She is frowning at me. She is thinking. ‘I said you were a clever one. My nephew says it too.’

‘That I am clever?’

‘Indeed.’ I grin. Matron cannot help herself and she smiles also. Yet she stifles it. ‘But there is nothing to be done about it, child. The founder is resolute on the matter. Orphans are not to learn to write. And the idea of a girl receiving an education would never be borne. He has three daughters himself and no sons and has given them all the same sage advice in order to secure matrimony, namely, that they should hide any vestige of a lively mind if they are to catch a husband. Wives who are cleverer than their husbands are unnecessary, as are clever servants likewise. Thinking never cleaned a floor. Better put it out of mind.’

But I do not put it out of mind, as I cannot. The following morning I hide a reading primer from the schoolroom inside my jacket. I carry it round all day – its weight a delicious secret against my heart – and hide it beneath my bedclothes that night. I wait in bed while the other girls whisper, then, one by one, their whispers cease and they all breathe heavy. I get up and creep across the room; the floorboards creak but everyone is too spent to waken. I fetch the candlestick from the stool and use the fire’s embers to light the wick. I make my way downstairs and along the hallway to the grand door and listen carefully. No sound emits, thus I deduce it is empty. I turn the handle to the court room and enter. There is no one inside, yet the dying fire throws shadows dancing on the walls that make me start. I am watched by the exalted ones from the wall paintings as I go to the side table and remove one quill from the vase, take one of the two inkpots and retrieve sheets of paper from the large table.

For a moment, I consider staying in this room to do my work, but cannot risk the double punishment for not only thievery but also inhabiting Eden when God has banished me from it.
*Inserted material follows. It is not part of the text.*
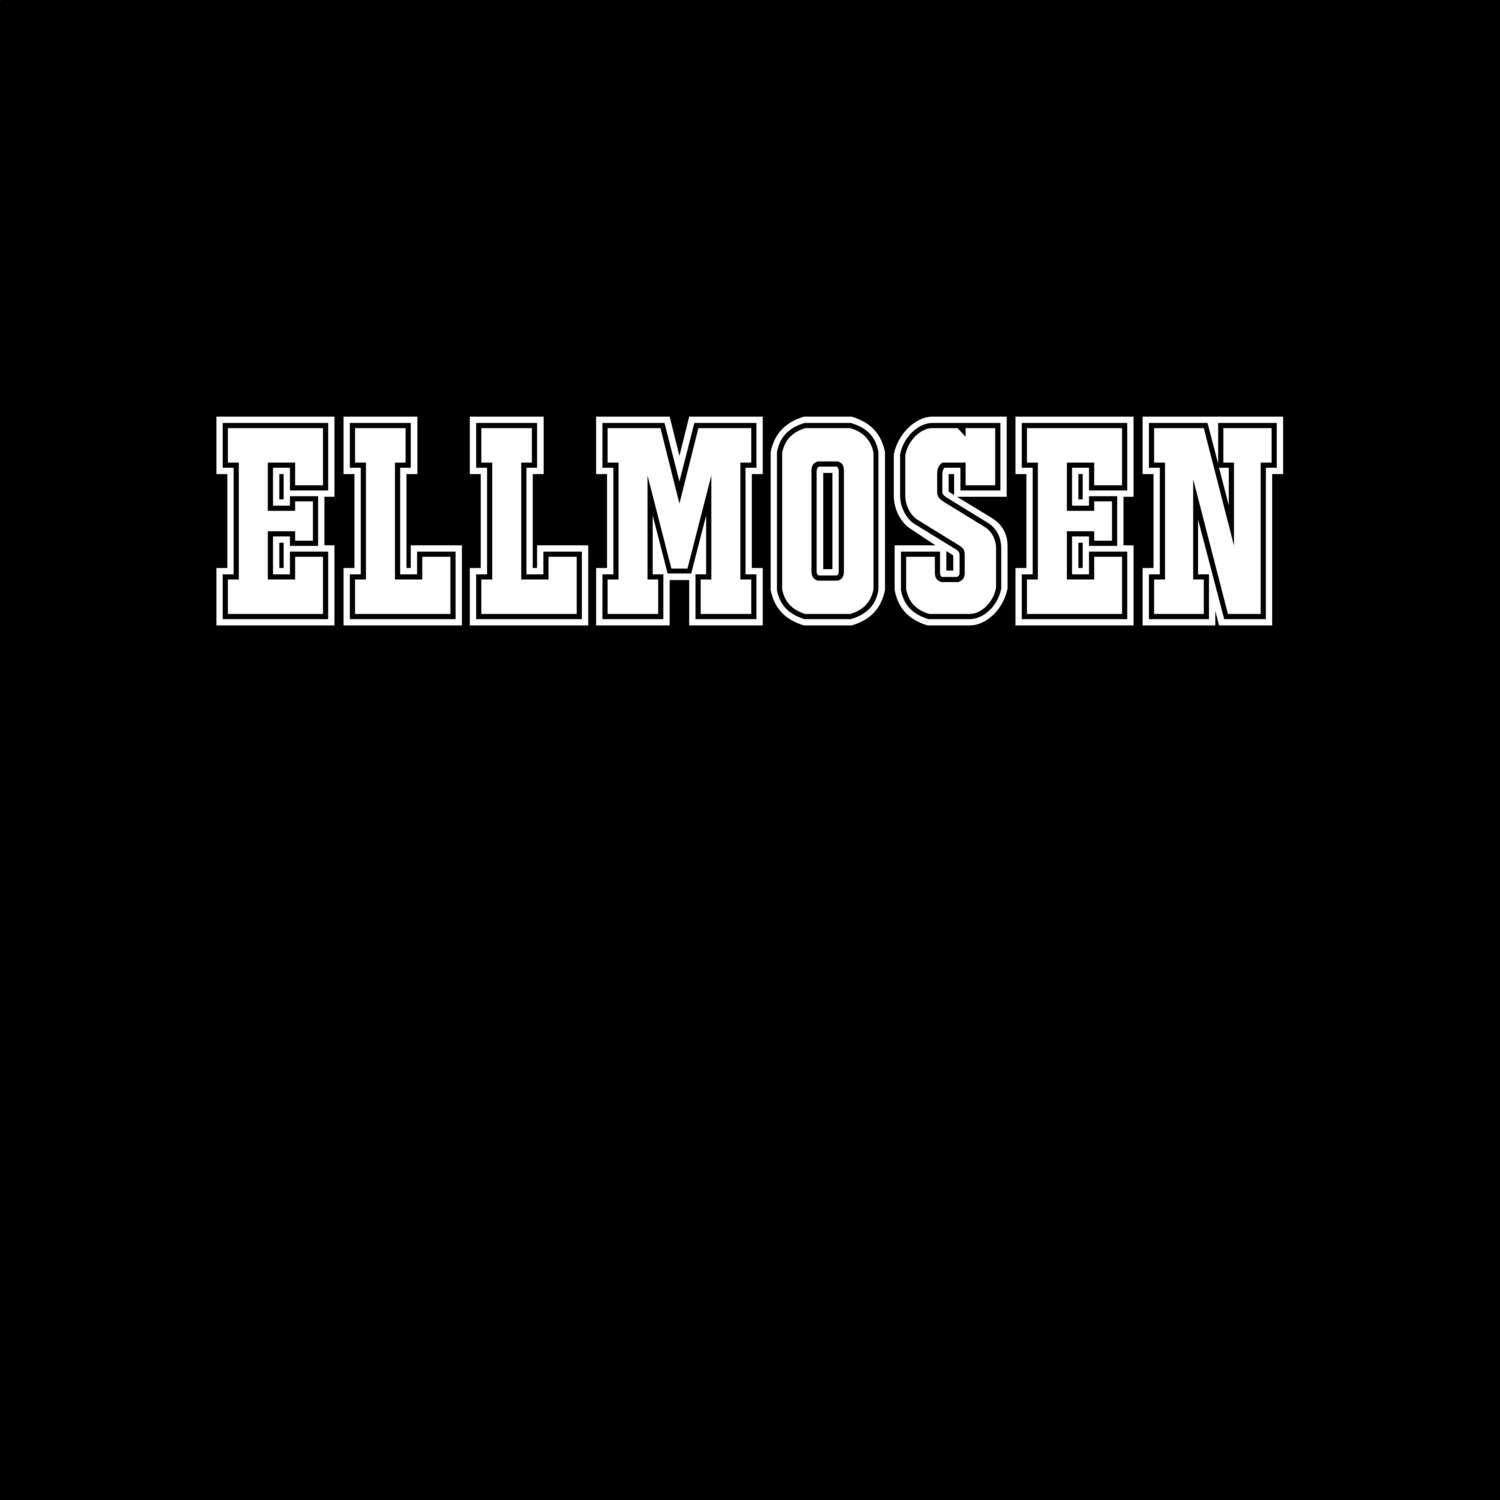 Ellmosen T-Shirt »Classic«

I carry my treasures back up the staircase and into the dormitory. There is a table beside the fire where our water jug is stored. I remove it to the floor and set up at the table, using the candle stool to sit on. The stolen book open before me, I dip the stolen quill in the stolen inkpot and try to imitate the shapes I see on the pages. My first attempts at writing are poor, scratchy efforts. The ink splashes and spills and resembles the murder of a pen across the paper. But I persevere and make a passable letter A through to E, after much effort. I look at the quill and think of its life as a feather, which bird dropped it in its moulting – perhaps a goose – and what sights this feather saw on its journeys across the skies, winging past treetops below and clouds above.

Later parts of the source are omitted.